Abstract

Some aspects of diagnostic elimination/challenge diets in food protein-induced allergic proctocolitis (FPIAP) are still poorly defined. This study investigated the symptom spectrum, time required for resolution of each symptom, triggering foods, and risk factors for multiple food allergies (MFA) in FPIAP. Infants referred with visible blood in stool were enrolled after etiologies other than FPIAP had been excluded. Laboratory evaluation, clinical features, and elimination/challenge steps were performed prospectively during diagnostic management. Ninety-one of 102 infants (53 boys) were diagnosed with FPIAP. Eleven children did not bleed during challenges.
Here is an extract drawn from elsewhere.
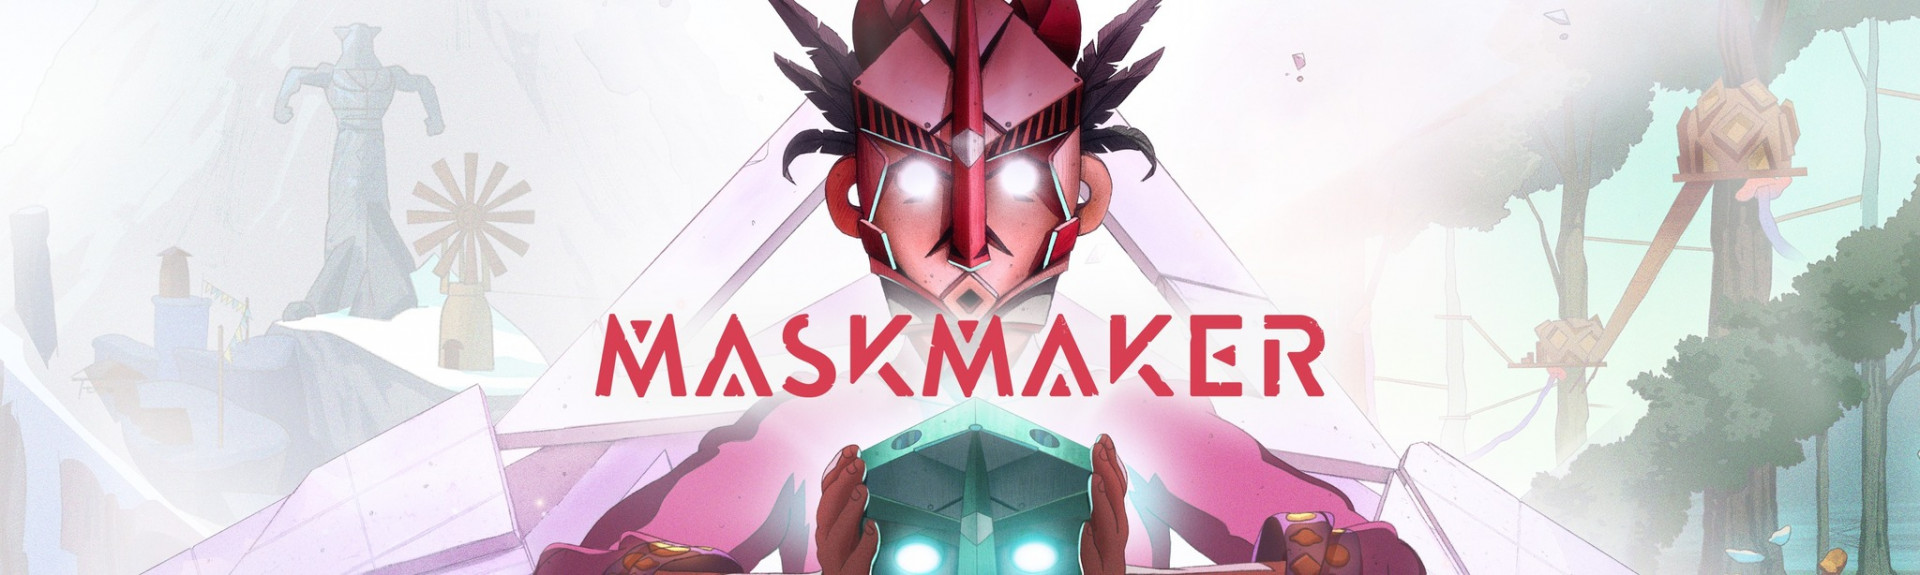 Maskmaker en español, con movimiento libre y por menos de 5€ en Steam

Visible blood in stool began before 2 months of age in 63.6% of the infants not diagnosed with FPIAP, compared with 18.9% of the patients with FPIAP (P= .003). Offending foods were identified as cow's milk (94.5%), egg (37.4%), beef (10.9%), wheat (5.5%), and nuts (3.3%). MFA was determined in 42.9% of patients. Multivariate logistic regression analysis identified atopic dermatitis (AD) (odds ratio [OR]: 2.98, 95% confidence interval [CI]: 1.18-7.55, P= .021) and an eosinophil count ≥300 cells/μL (OR: 2.72, 95% CI: 1.09-6.80, P= .032) as independent risk factors for MFA. Blood and mucus in stool disappeared in a median 3 days (interquartile range [IQR]: 1-14.5 days) and 30 days (IQR: 8-75 days), respectively. A tendency to transient bleeding occurs in infants who present with bloody stool before 2 months of age. A 2-week duration of elimination for blood in stool is sufficient to reach a judgment of suspected foods for FPIAP. Mucus in stool is the last symptom to disappear. Concurrent AD suggests a high probability of MFA in FPIAP.